### YOUR ASSIGNMENT
In your answer, repeat each line of the data exactly.

### DATA SECTION
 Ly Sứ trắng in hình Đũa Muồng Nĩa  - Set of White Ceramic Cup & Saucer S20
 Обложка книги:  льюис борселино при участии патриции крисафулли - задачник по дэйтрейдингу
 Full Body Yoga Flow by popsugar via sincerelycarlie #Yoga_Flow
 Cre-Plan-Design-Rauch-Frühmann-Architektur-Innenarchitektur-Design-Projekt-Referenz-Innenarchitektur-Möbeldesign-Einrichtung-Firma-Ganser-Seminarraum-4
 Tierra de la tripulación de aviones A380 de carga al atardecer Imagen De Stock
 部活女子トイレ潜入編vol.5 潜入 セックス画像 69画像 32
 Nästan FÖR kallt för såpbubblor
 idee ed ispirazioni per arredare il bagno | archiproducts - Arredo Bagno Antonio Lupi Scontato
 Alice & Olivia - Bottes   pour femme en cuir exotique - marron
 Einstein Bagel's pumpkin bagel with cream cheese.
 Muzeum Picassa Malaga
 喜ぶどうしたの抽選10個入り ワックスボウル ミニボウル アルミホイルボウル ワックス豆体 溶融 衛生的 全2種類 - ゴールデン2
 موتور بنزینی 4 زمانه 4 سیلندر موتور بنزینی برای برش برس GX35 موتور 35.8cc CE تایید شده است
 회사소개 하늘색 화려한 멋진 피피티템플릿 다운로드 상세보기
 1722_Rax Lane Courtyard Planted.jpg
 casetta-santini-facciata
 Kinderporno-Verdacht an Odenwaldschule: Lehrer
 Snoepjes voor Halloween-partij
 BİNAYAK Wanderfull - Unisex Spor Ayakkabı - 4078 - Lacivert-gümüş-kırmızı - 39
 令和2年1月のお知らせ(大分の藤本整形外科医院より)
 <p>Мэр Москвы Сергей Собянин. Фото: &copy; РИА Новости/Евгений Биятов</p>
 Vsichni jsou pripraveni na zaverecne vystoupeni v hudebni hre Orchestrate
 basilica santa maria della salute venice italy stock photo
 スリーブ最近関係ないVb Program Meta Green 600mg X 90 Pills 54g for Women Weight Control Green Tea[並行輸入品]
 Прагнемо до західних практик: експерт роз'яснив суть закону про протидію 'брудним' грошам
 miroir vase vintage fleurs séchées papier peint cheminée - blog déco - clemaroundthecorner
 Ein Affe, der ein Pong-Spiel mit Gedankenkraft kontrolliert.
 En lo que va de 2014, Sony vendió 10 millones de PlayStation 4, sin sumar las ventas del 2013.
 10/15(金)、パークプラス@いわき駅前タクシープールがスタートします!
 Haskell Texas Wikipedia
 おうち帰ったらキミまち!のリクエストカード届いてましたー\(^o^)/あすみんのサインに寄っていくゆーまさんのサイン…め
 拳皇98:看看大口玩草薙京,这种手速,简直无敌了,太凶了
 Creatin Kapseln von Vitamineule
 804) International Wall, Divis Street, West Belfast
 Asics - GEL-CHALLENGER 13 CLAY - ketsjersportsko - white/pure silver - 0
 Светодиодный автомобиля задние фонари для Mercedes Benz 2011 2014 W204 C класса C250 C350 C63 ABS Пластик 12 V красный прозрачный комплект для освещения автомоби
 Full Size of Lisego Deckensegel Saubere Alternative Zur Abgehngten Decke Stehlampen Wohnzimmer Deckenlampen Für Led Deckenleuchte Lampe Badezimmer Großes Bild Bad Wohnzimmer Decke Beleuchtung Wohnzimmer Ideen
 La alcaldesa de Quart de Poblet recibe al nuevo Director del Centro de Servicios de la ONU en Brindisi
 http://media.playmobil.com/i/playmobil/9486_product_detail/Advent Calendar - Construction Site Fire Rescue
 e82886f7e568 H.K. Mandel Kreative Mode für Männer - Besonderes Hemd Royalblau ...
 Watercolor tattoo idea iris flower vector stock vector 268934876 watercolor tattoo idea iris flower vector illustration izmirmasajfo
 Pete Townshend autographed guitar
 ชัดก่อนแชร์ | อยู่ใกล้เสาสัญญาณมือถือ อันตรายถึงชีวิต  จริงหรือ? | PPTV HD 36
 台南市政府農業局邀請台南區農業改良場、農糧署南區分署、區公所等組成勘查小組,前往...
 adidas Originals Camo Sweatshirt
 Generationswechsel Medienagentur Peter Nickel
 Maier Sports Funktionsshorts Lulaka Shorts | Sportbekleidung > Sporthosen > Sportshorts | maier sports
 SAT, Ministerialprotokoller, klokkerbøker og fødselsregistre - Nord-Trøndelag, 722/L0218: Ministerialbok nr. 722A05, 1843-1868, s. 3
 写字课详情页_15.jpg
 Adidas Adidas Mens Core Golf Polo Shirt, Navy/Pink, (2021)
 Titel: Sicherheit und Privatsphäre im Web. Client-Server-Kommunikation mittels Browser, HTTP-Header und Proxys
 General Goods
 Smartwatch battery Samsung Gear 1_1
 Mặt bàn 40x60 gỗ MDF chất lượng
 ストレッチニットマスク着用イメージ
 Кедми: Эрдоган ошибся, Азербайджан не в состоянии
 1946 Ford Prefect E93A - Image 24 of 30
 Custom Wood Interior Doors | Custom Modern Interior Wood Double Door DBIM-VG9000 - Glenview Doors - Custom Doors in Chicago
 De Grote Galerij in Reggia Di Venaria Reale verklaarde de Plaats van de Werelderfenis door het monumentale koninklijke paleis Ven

### PROBLEM SOLUTION
 Ly Sứ trắng in hình Đũa Muồng Nĩa  - Set of White Ceramic Cup & Saucer S20
 Обложка книги:  льюис борселино при участии патриции крисафулли - задачник по дэйтрейдингу
 Full Body Yoga Flow by popsugar via sincerelycarlie #Yoga_Flow
 Cre-Plan-Design-Rauch-Frühmann-Architektur-Innenarchitektur-Design-Projekt-Referenz-Innenarchitektur-Möbeldesign-Einrichtung-Firma-Ganser-Seminarraum-4
 Tierra de la tripulación de aviones A380 de carga al atardecer Imagen De Stock
 部活女子トイレ潜入編vol.5 潜入 セックス画像 69画像 32
 Nästan FÖR kallt för såpbubblor
 idee ed ispirazioni per arredare il bagno | archiproducts - Arredo Bagno Antonio Lupi Scontato
 Alice & Olivia - Bottes   pour femme en cuir exotique - marron
 Einstein Bagel's pumpkin bagel with cream cheese.
 Muzeum Picassa Malaga
 喜ぶどうしたの抽選10個入り ワックスボウル ミニボウル アルミホイルボウル ワックス豆体 溶融 衛生的 全2種類 - ゴールデン2
 موتور بنزینی 4 زمانه 4 سیلندر موتور بنزینی برای برش برس GX35 موتور 35.8cc CE تایید شده است
 회사소개 하늘색 화려한 멋진 피피티템플릿 다운로드 상세보기
 1722_Rax Lane Courtyard Planted.jpg
 casetta-santini-facciata
 Kinderporno-Verdacht an Odenwaldschule: Lehrer
 Snoepjes voor Halloween-partij
 BİNAYAK Wanderfull - Unisex Spor Ayakkabı - 4078 - Lacivert-gümüş-kırmızı - 39
 令和2年1月のお知らせ(大分の藤本整形外科医院より)
 <p>Мэр Москвы Сергей Собянин. Фото: &copy; РИА Новости/Евгений Биятов</p>
 Vsichni jsou pripraveni na zaverecne vystoupeni v hudebni hre Orchestrate
 basilica santa maria della salute venice italy stock photo
 スリーブ最近関係ないVb Program Meta Green 600mg X 90 Pills 54g for Women Weight Control Green Tea[並行輸入品]
 Прагнемо до західних практик: експерт роз'яснив суть закону про протидію 'брудним' грошам
 miroir vase vintage fleurs séchées papier peint cheminée - blog déco - clemaroundthecorner
 Ein Affe, der ein Pong-Spiel mit Gedankenkraft kontrolliert.
 En lo que va de 2014, Sony vendió 10 millones de PlayStation 4, sin sumar las ventas del 2013.
 10/15(金)、パークプラス@いわき駅前タクシープールがスタートします!
 Haskell Texas Wikipedia
 おうち帰ったらキミまち!のリクエストカード届いてましたー\(^o^)/あすみんのサインに寄っていくゆーまさんのサイン…め
 拳皇98:看看大口玩草薙京,这种手速,简直无敌了,太凶了
 Creatin Kapseln von Vitamineule
 804) International Wall, Divis Street, West Belfast
 Asics - GEL-CHALLENGER 13 CLAY - ketsjersportsko - white/pure silver - 0
 Светодиодный автомобиля задние фонари для Mercedes Benz 2011 2014 W204 C класса C250 C350 C63 ABS Пластик 12 V красный прозрачный комплект для освещения автомоби
 Full Size of Lisego Deckensegel Saubere Alternative Zur Abgehngten Decke Stehlampen Wohnzimmer Deckenlampen Für Led Deckenleuchte Lampe Badezimmer Großes Bild Bad Wohnzimmer Decke Beleuchtung Wohnzimmer Ideen
 La alcaldesa de Quart de Poblet recibe al nuevo Director del Centro de Servicios de la ONU en Brindisi
 http://media.playmobil.com/i/playmobil/9486_product_detail/Advent Calendar - Construction Site Fire Rescue
 e82886f7e568 H.K. Mandel Kreative Mode für Männer - Besonderes Hemd Royalblau ...
 Watercolor tattoo idea iris flower vector stock vector 268934876 watercolor tattoo idea iris flower vector illustration izmirmasajfo
 Pete Townshend autographed guitar
 ชัดก่อนแชร์ | อยู่ใกล้เสาสัญญาณมือถือ อันตรายถึงชีวิต  จริงหรือ? | PPTV HD 36
 台南市政府農業局邀請台南區農業改良場、農糧署南區分署、區公所等組成勘查小組,前往...
 adidas Originals Camo Sweatshirt
 Generationswechsel Medienagentur Peter Nickel
 Maier Sports Funktionsshorts Lulaka Shorts | Sportbekleidung > Sporthosen > Sportshorts | maier sports
 SAT, Ministerialprotokoller, klokkerbøker og fødselsregistre - Nord-Trøndelag, 722/L0218: Ministerialbok nr. 722A05, 1843-1868, s. 3
 写字课详情页_15.jpg
 Adidas Adidas Mens Core Golf Polo Shirt, Navy/Pink, (2021)
 Titel: Sicherheit und Privatsphäre im Web. Client-Server-Kommunikation mittels Browser, HTTP-Header und Proxys
 General Goods
 Smartwatch battery Samsung Gear 1_1
 Mặt bàn 40x60 gỗ MDF chất lượng
 ストレッチニットマスク着用イメージ
 Кедми: Эрдоган ошибся, Азербайджан не в состоянии
 1946 Ford Prefect E93A - Image 24 of 30
 Custom Wood Interior Doors | Custom Modern Interior Wood Double Door DBIM-VG9000 - Glenview Doors - Custom Doors in Chicago
 De Grote Galerij in Reggia Di Venaria Reale verklaarde de Plaats van de Werelderfenis door het monumentale koninklijke paleis Ven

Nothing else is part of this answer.